张大鹰轻轻嗓子,回想起临行前张宽仁的郑重其事,心里有些紧张。他担负重任,生怕不能把张宽仁的长想法表述清楚。如他这样的人,平日得不到在郑晟面前说话的机会,看到宗主聚精会神的模样,心里就像压了一块大石头。
“大将军说,天下义军如今支离破碎,而鞑子兵马由丞相脱脱统一调配,这是义军连续打败仗的根源……”
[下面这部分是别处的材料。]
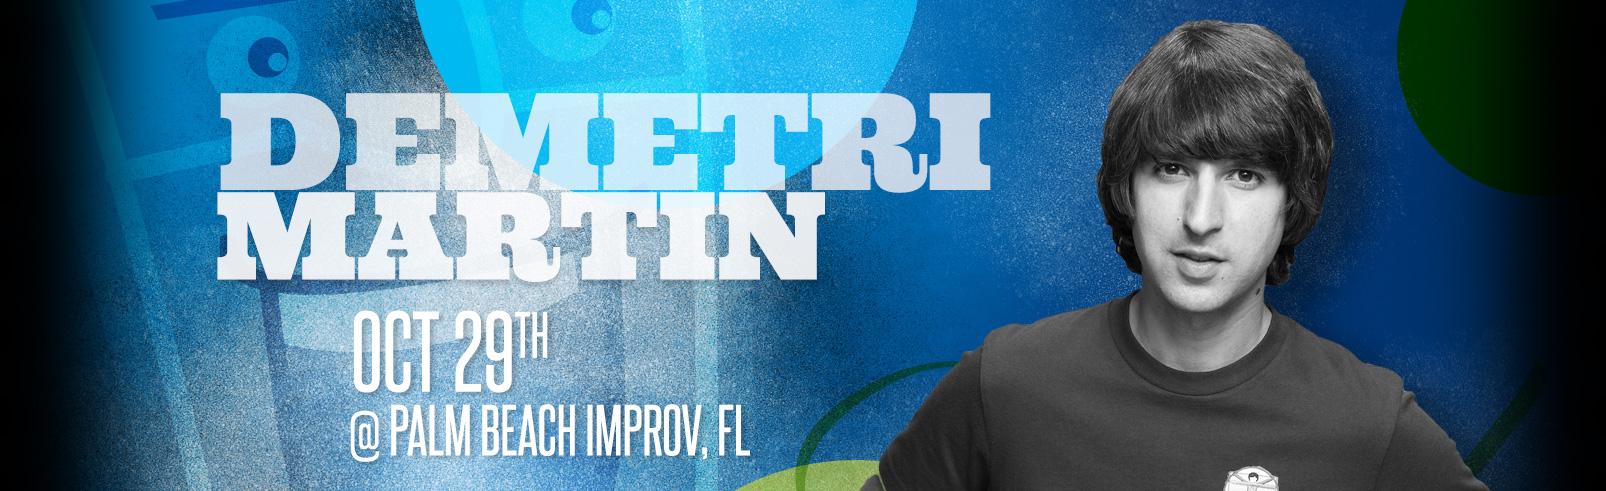 Demetri Martin @ Palm Beach Improv

稍有头脑的人都能看出来的局势,然而没人能去改变。郑晟耐心听张大鹰说话,就当张宽仁站在那里娓娓道来。他不喜欢听人说教,尤其是张大鹰这样入不了他眼的人。
“……大将军说答失八都鲁为将谨慎,吃了几次小亏之后不求有功但求无过,天启军在荆州和襄阳很难取得突破。大将军想撤兵会师,集中天启的兵力攻打南昌城外的董传霄军。”
重复着张宽仁让他转述的话,大鹰身上的衣衫湿透了。
郑晟的眼睛直勾勾的看着他的脸,让他心里直发毛。
“打败董传霄!”郑晟摸着下巴。他不是没有想过这个问题,但南昌城是陈友谅的,天启军在那里打胜仗只是给陈友谅做嫁衣。陈友谅卡着了他的线路,让他无法向江南进军。而且,南昌城里有许多他不想面对的回忆,彭祖师的灵柩正是从那里抬出来的。
他自言自语:“董传霄攻打南昌城有些时候了,脱脱号称百万大军奈何不了高邮城,董传霄在陈友谅面前也没什么好办法。”
张大鹰的话还没有说完。
“大将军说,义军最大的优势是水师,但在江北很难有发挥的机会,答失八都鲁宁愿丢弃洞庭湖岸边的县城,也不愿意乘舟下水的,如果我们集中兵力去攻打董传霄,也许他们来救援……。”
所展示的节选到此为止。